What the task requires:
Print exactly the lines below between the line holding "Trafo_t-shirt_post" and the line holding "The individual pans", inclusive, and nothing more.

[Data for review Boundary: Start]

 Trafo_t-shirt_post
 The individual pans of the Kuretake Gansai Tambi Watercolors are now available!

[Data for review Boundary: End]
[Data for review Boundary: Start]

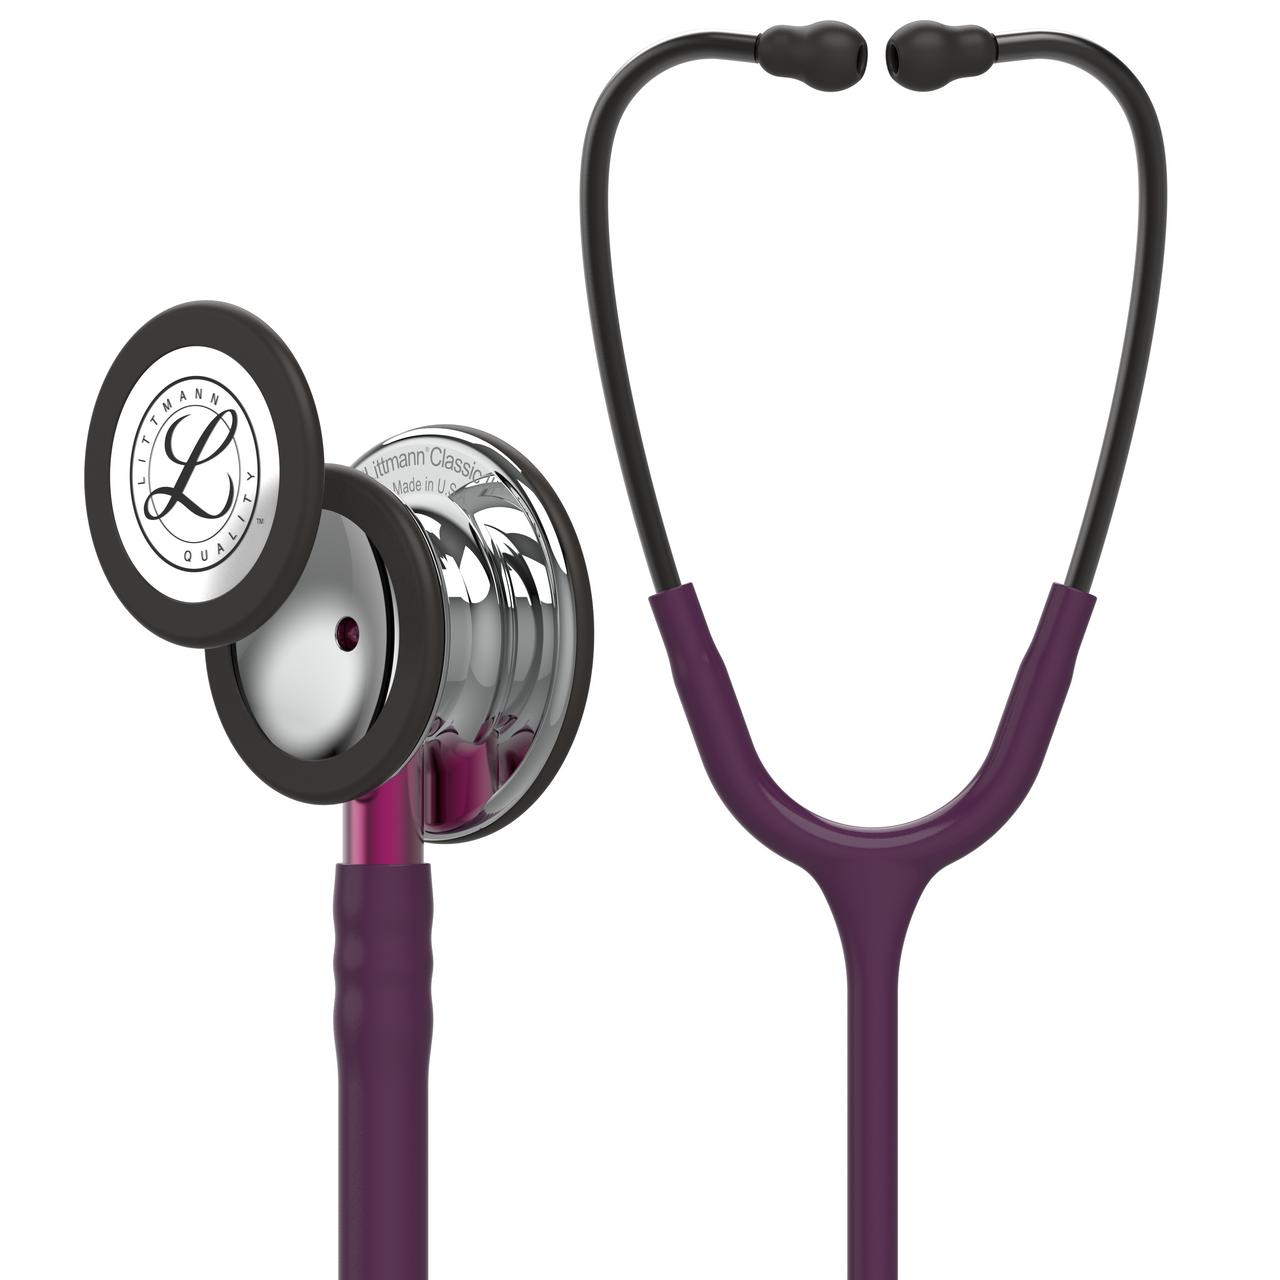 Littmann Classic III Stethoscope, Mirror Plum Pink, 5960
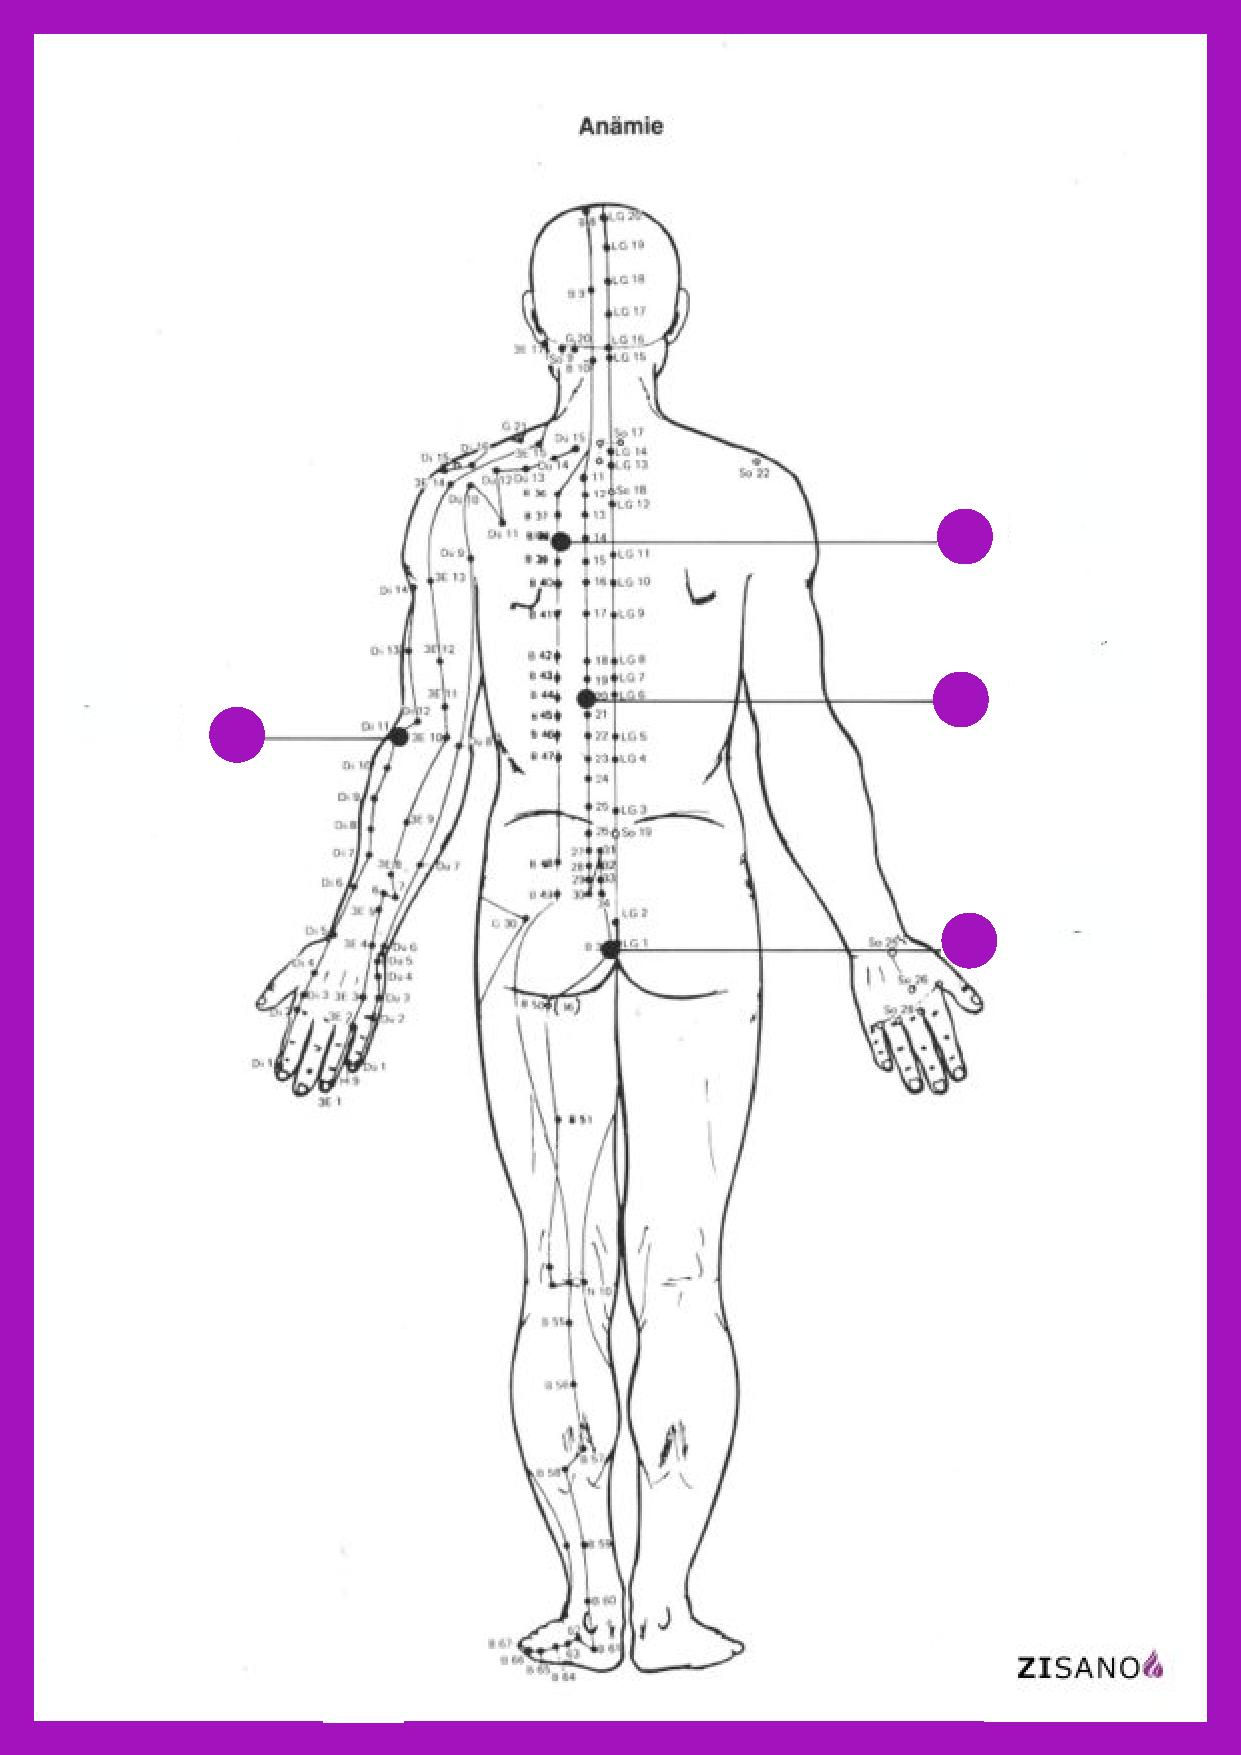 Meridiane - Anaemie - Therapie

[Data for review Boundary: End]
[Data for review Boundary: Start]

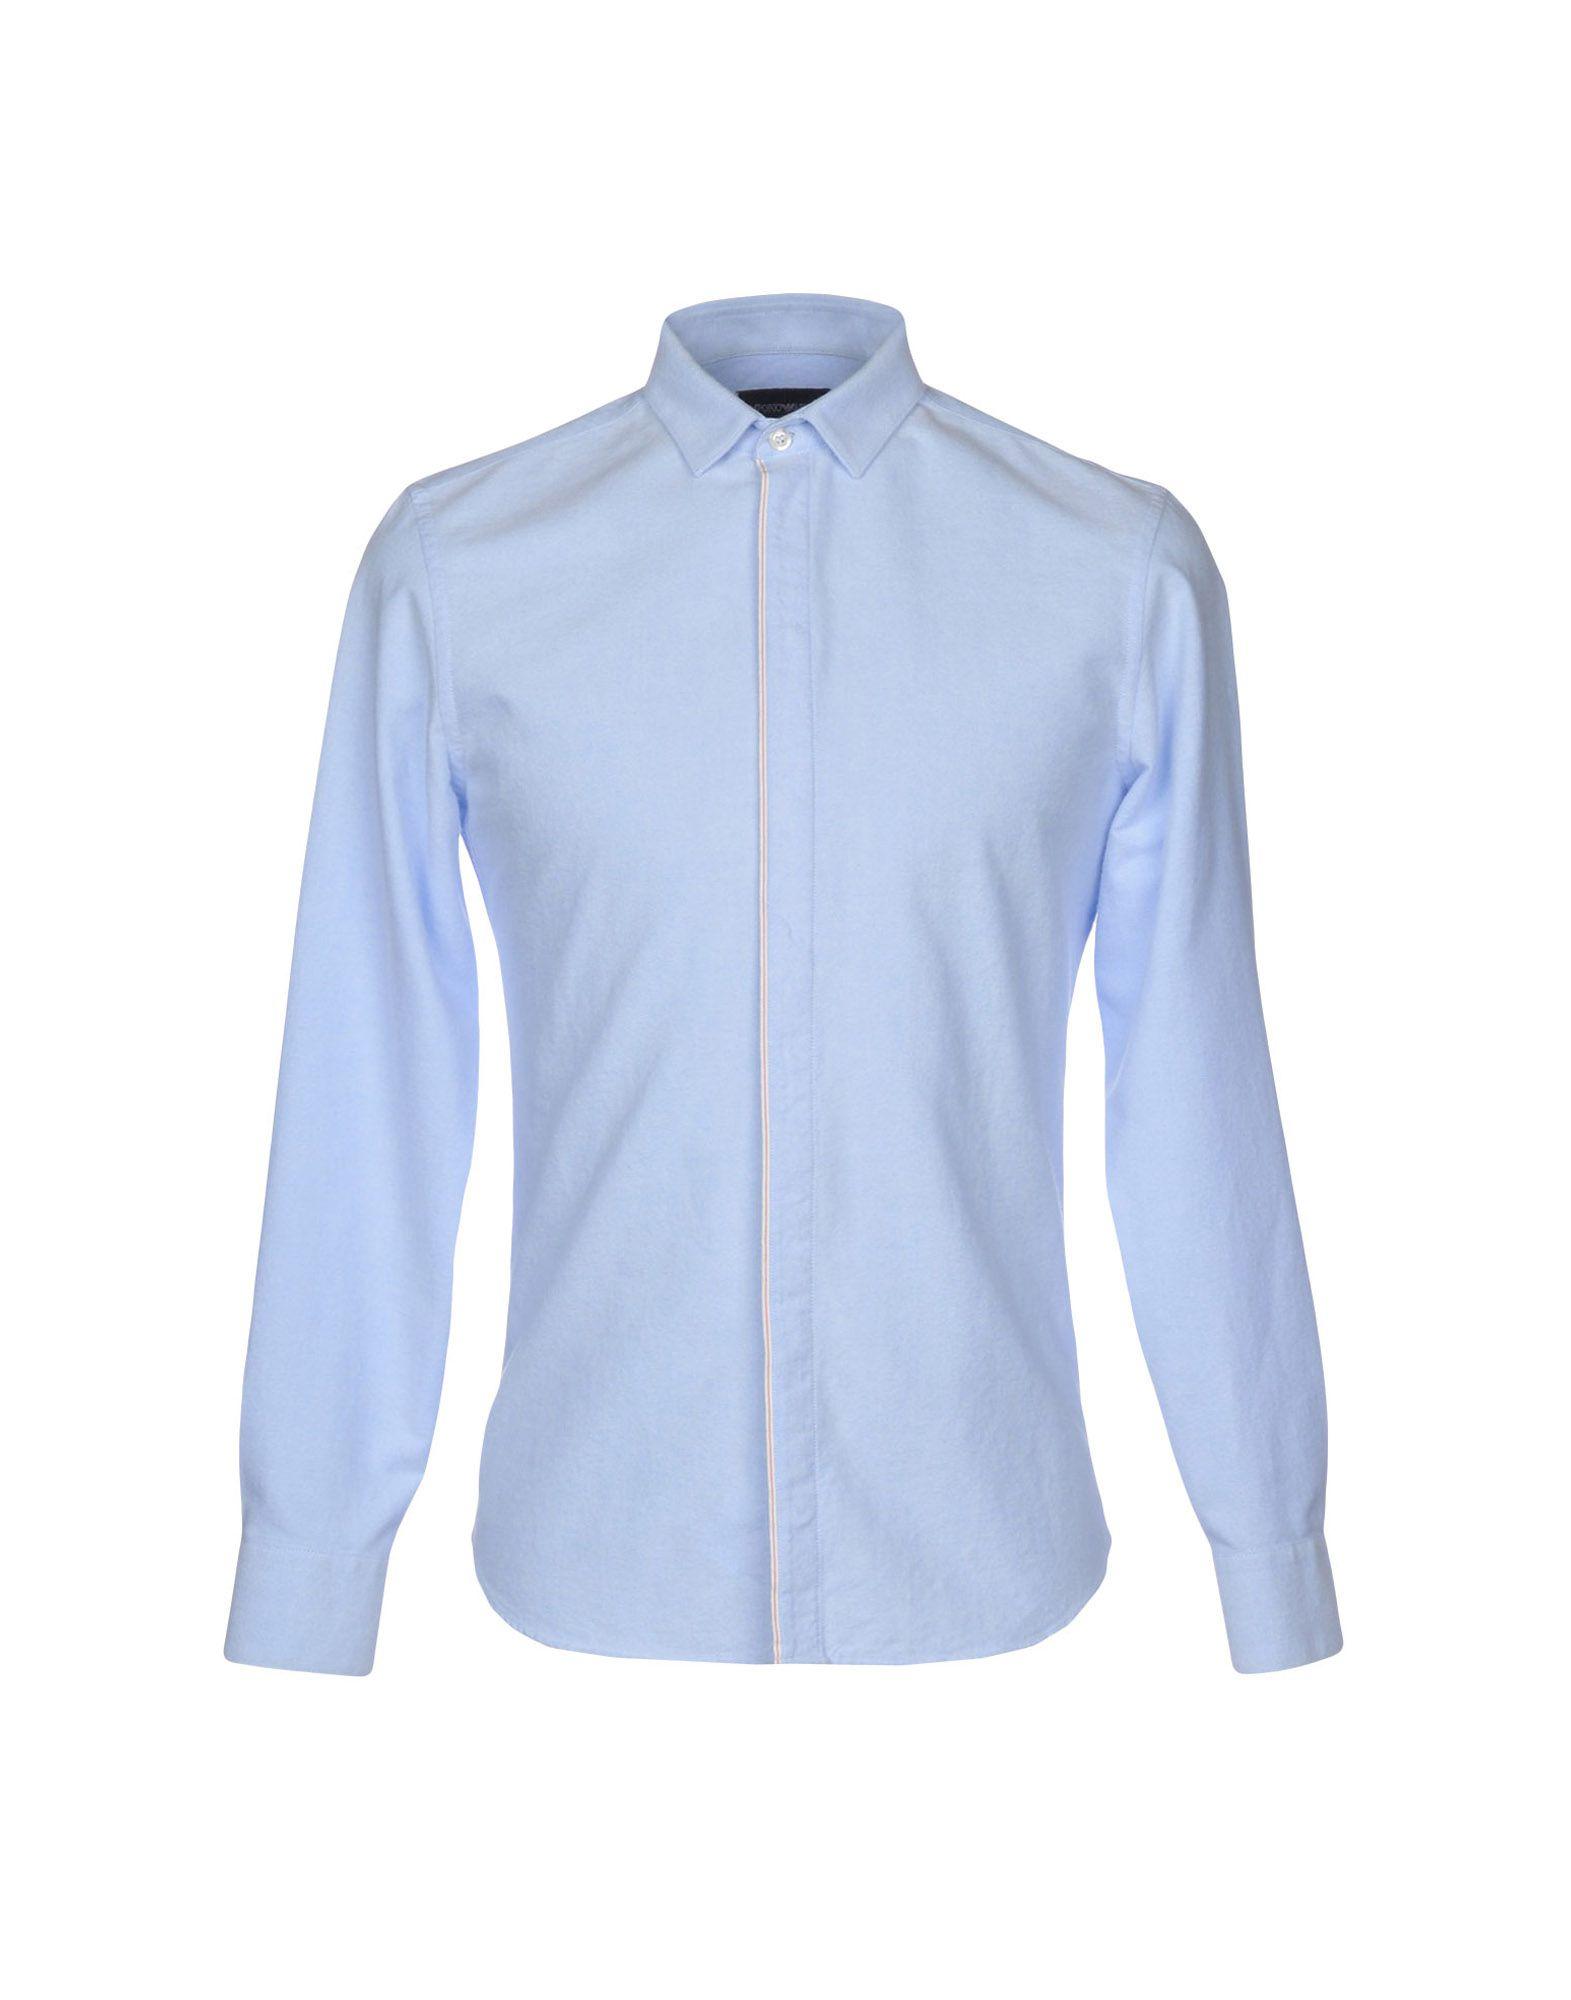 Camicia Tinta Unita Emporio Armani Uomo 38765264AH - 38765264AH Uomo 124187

[Data for review Boundary: End]

Task answer:
 Trafo_t-shirt_post
 The individual pans of the Kuretake Gansai Tambi Watercolors are now available!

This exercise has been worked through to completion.